Exercise instructions:
Leaving out the pictures, return each line of the entries from the first through the line with "Maison Charles, by.", and only those lines.

[Data extracted from a collection]
※

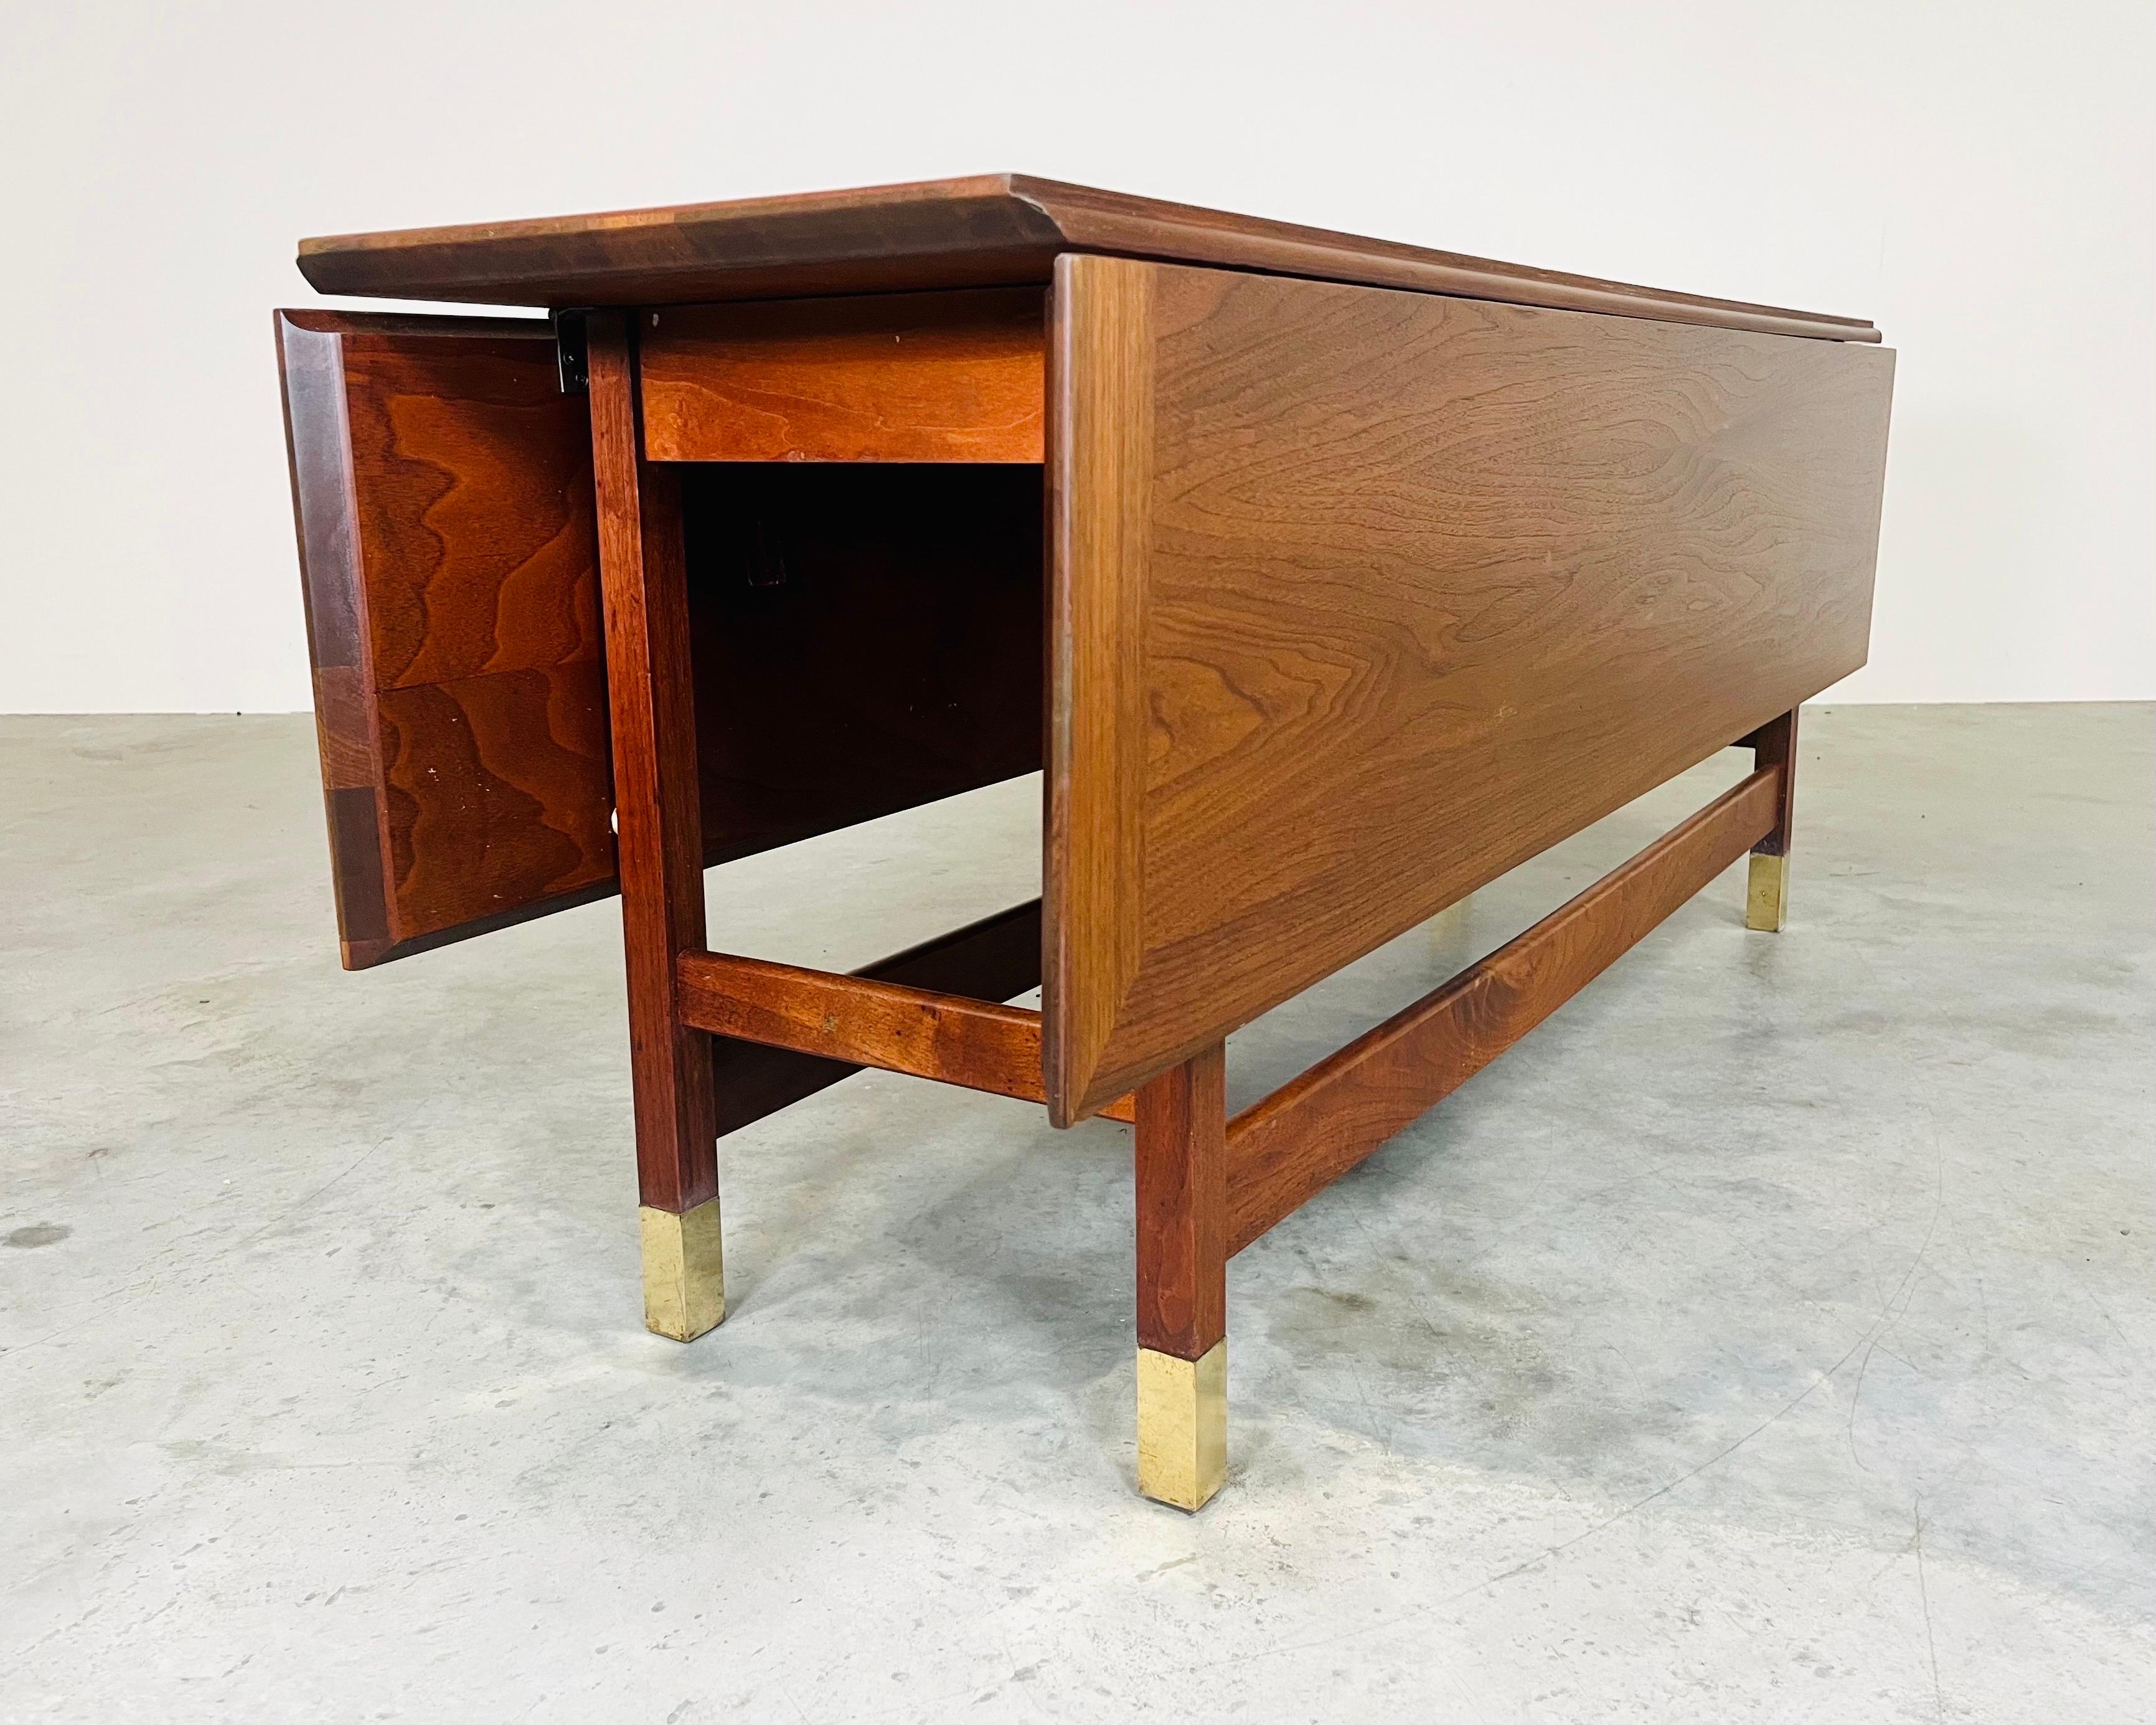 Mid-Century FOUNDERS Coronado Drop-leaf Console Occasional or Serving Table After Harvey Probber 
Having banded walnut top and walnut frame with brass sabot feet. A versatile table that will serve in a private setting or as the center server during
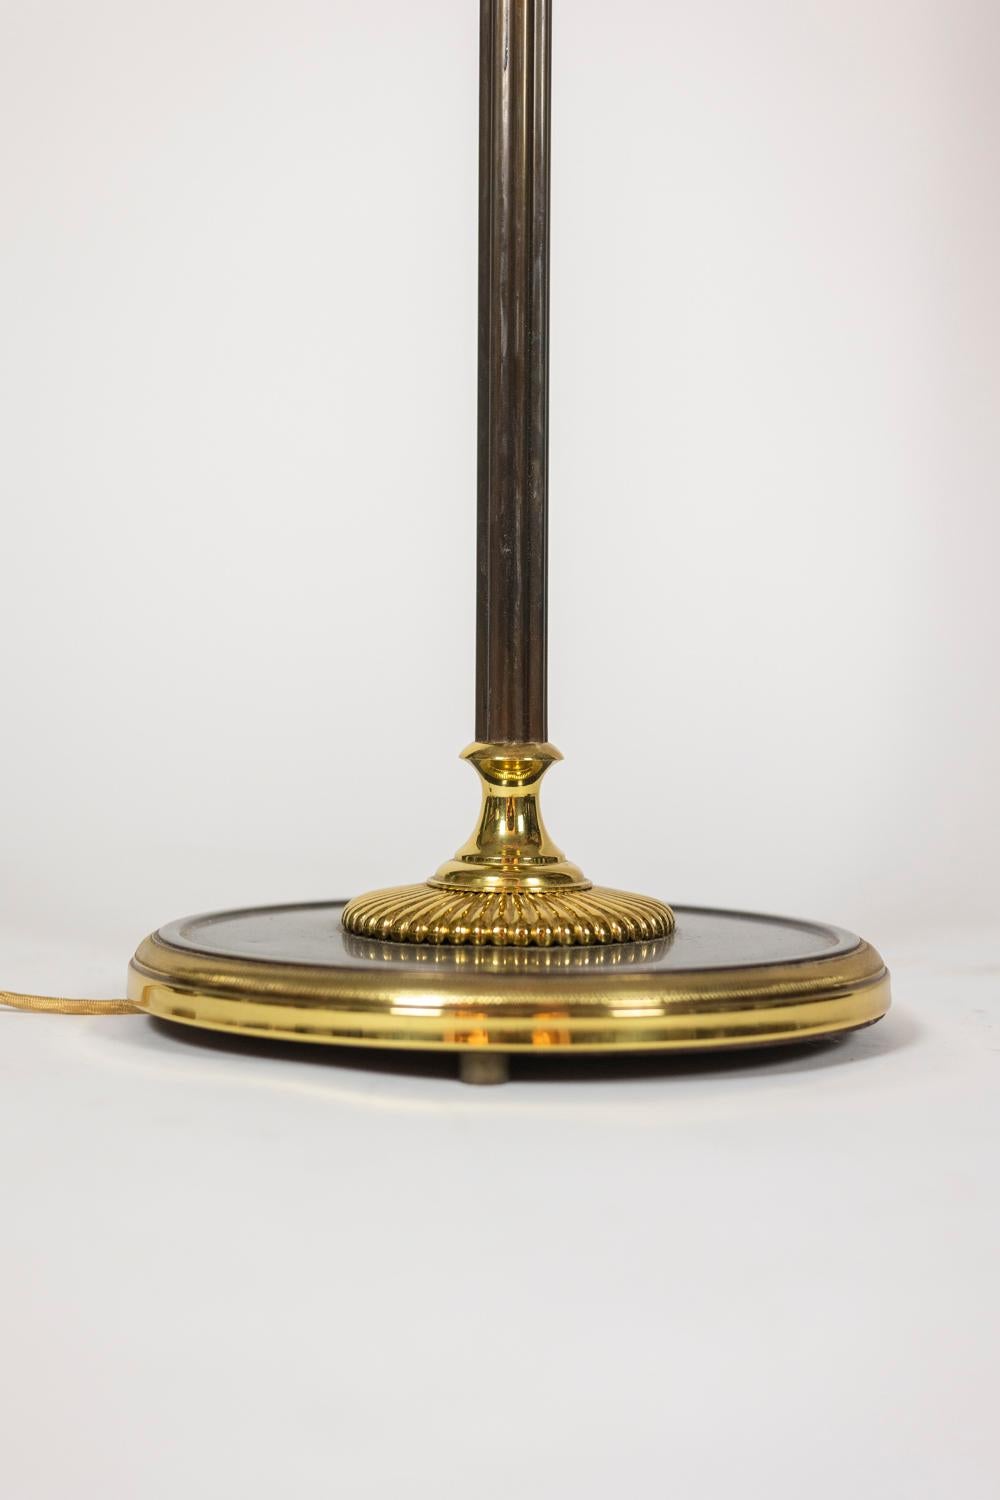 Maison Charles, by. 

Floor lamp, “Roseau” model in patinated bronze and gilded brass. Striated shaft decorated with a reed placed in its “Chambord” vase, ending in the upper part with a stylized acorn. Circular base decorated with a gadroon.
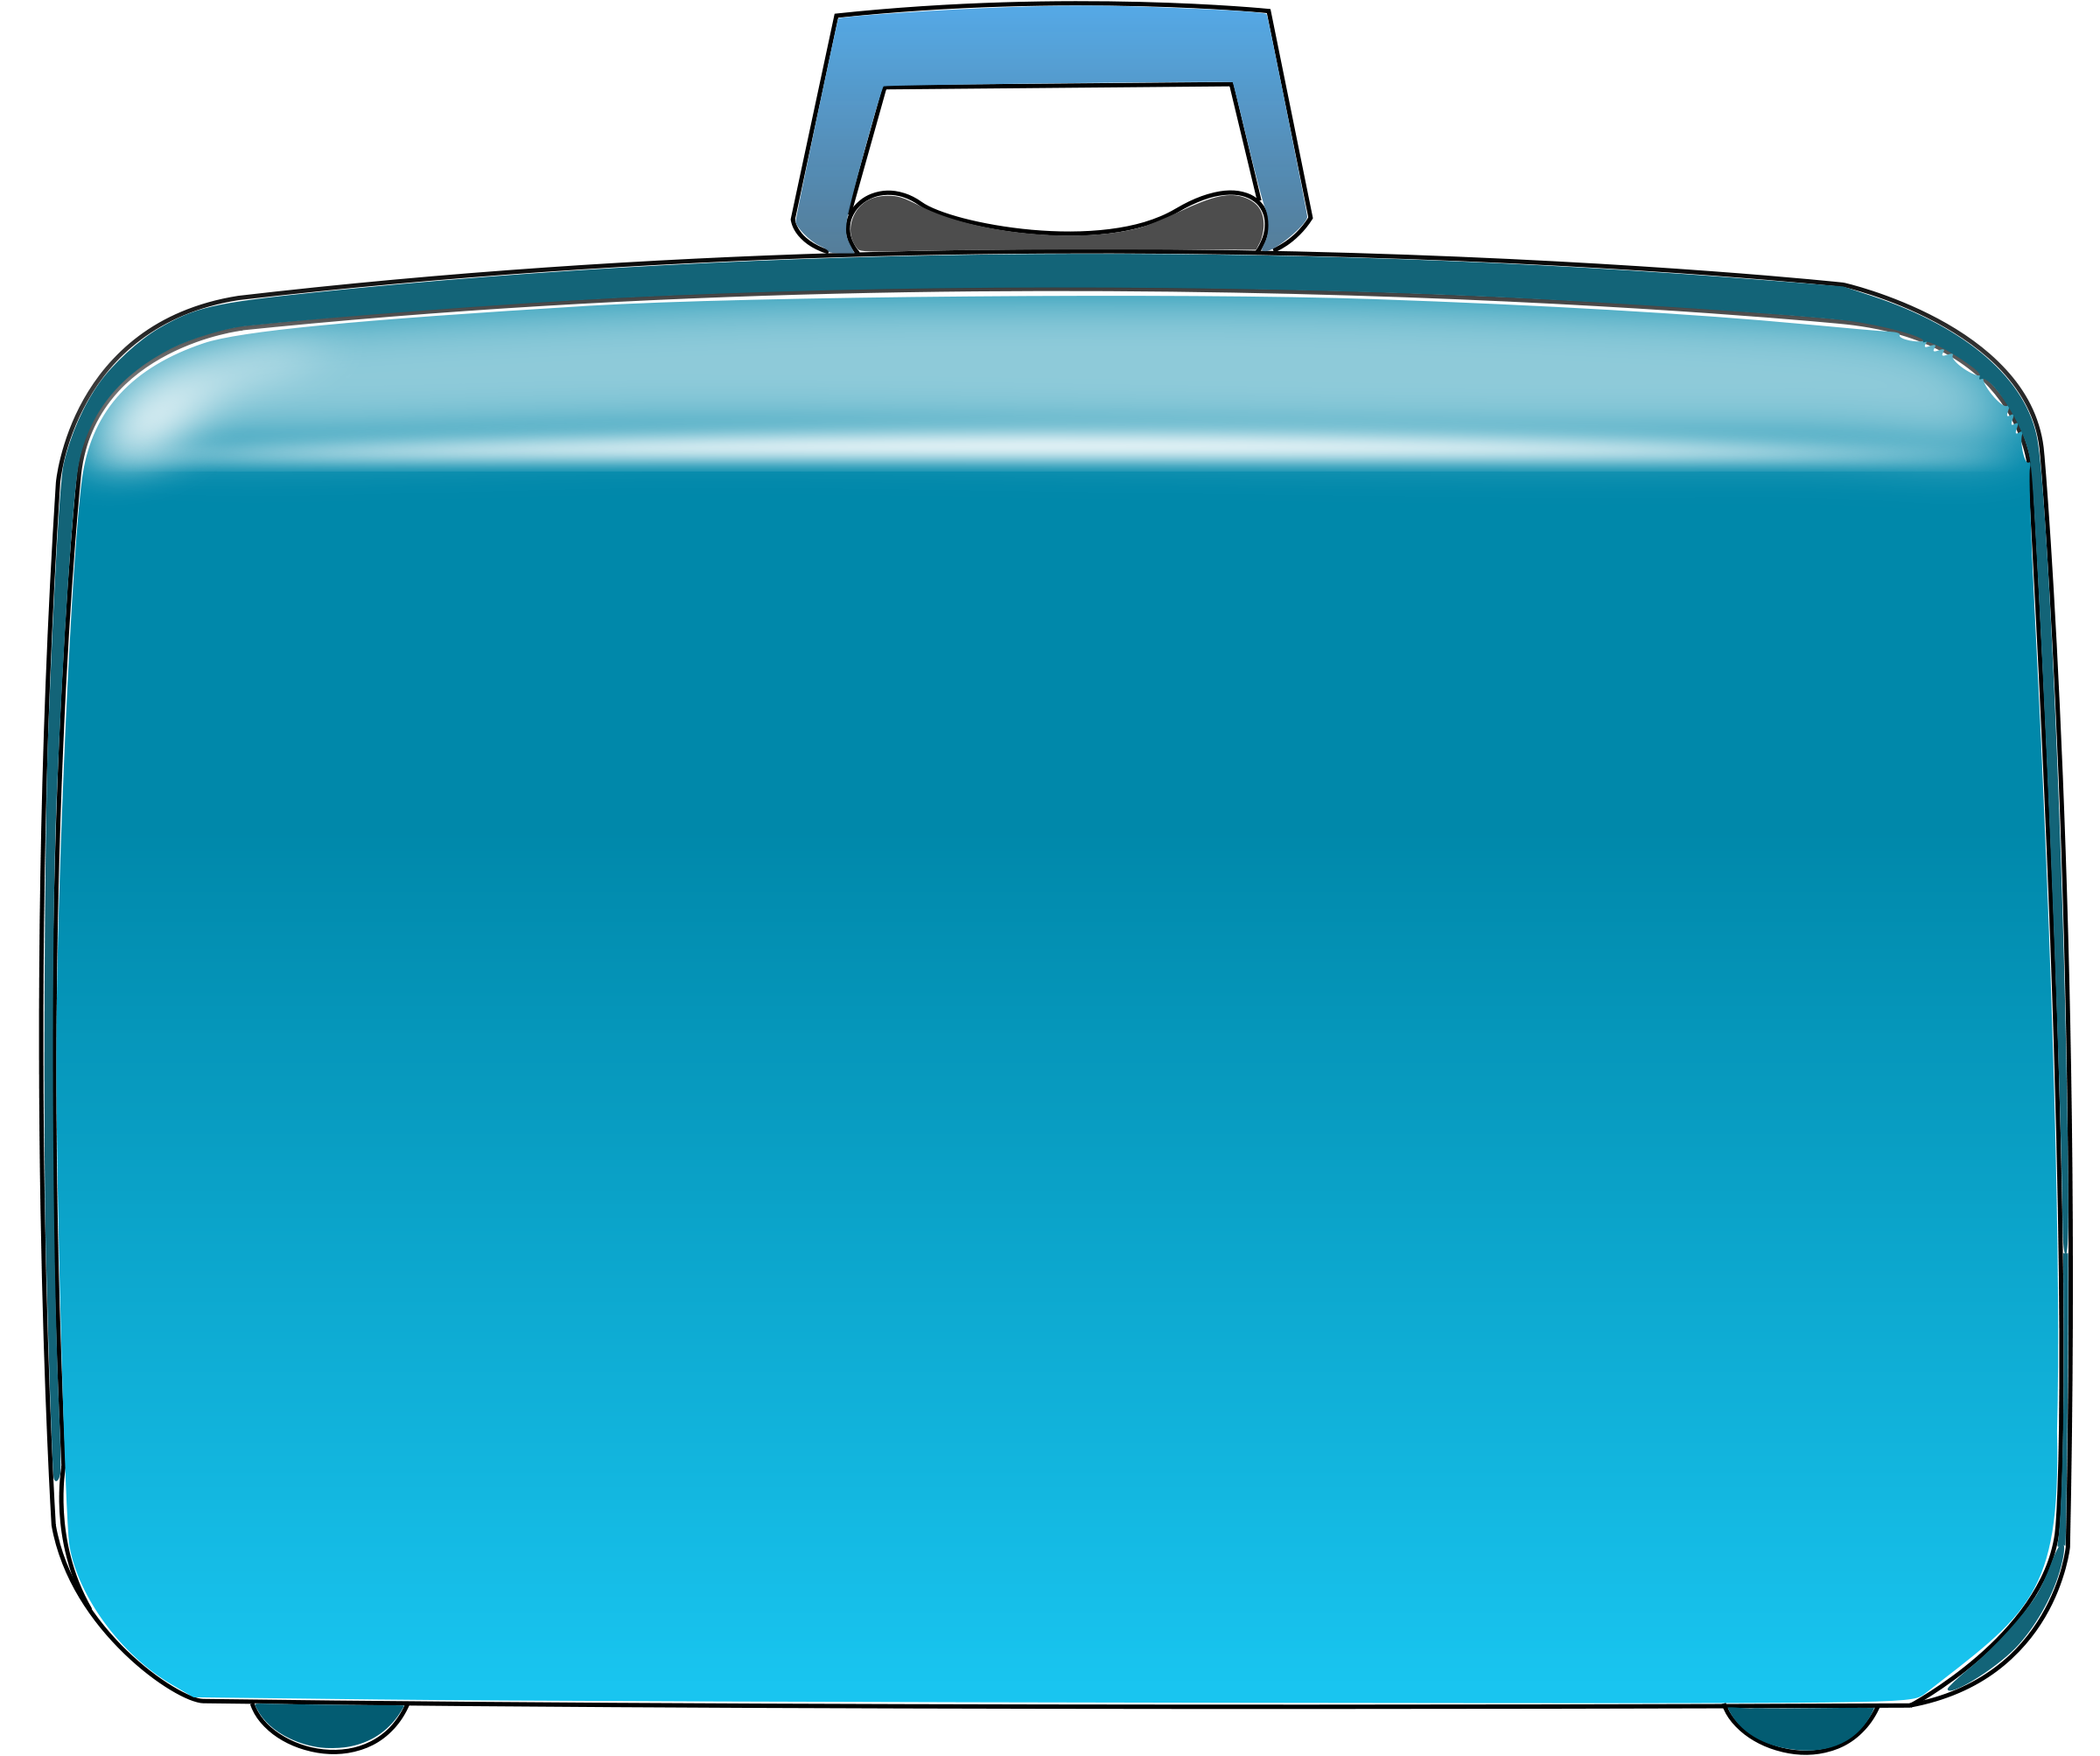 Luggage Clipart Free Travel Suitcase Clip Art

※

Solution for this task:
 Mid-Century FOUNDERS Coronado Drop-leaf Console Occasional or Serving Table After Harvey Probber 
Having banded walnut top and walnut frame with brass sabot feet. A versatile table that will serve in a private setting or as the center server during
 Maison Charles, by. 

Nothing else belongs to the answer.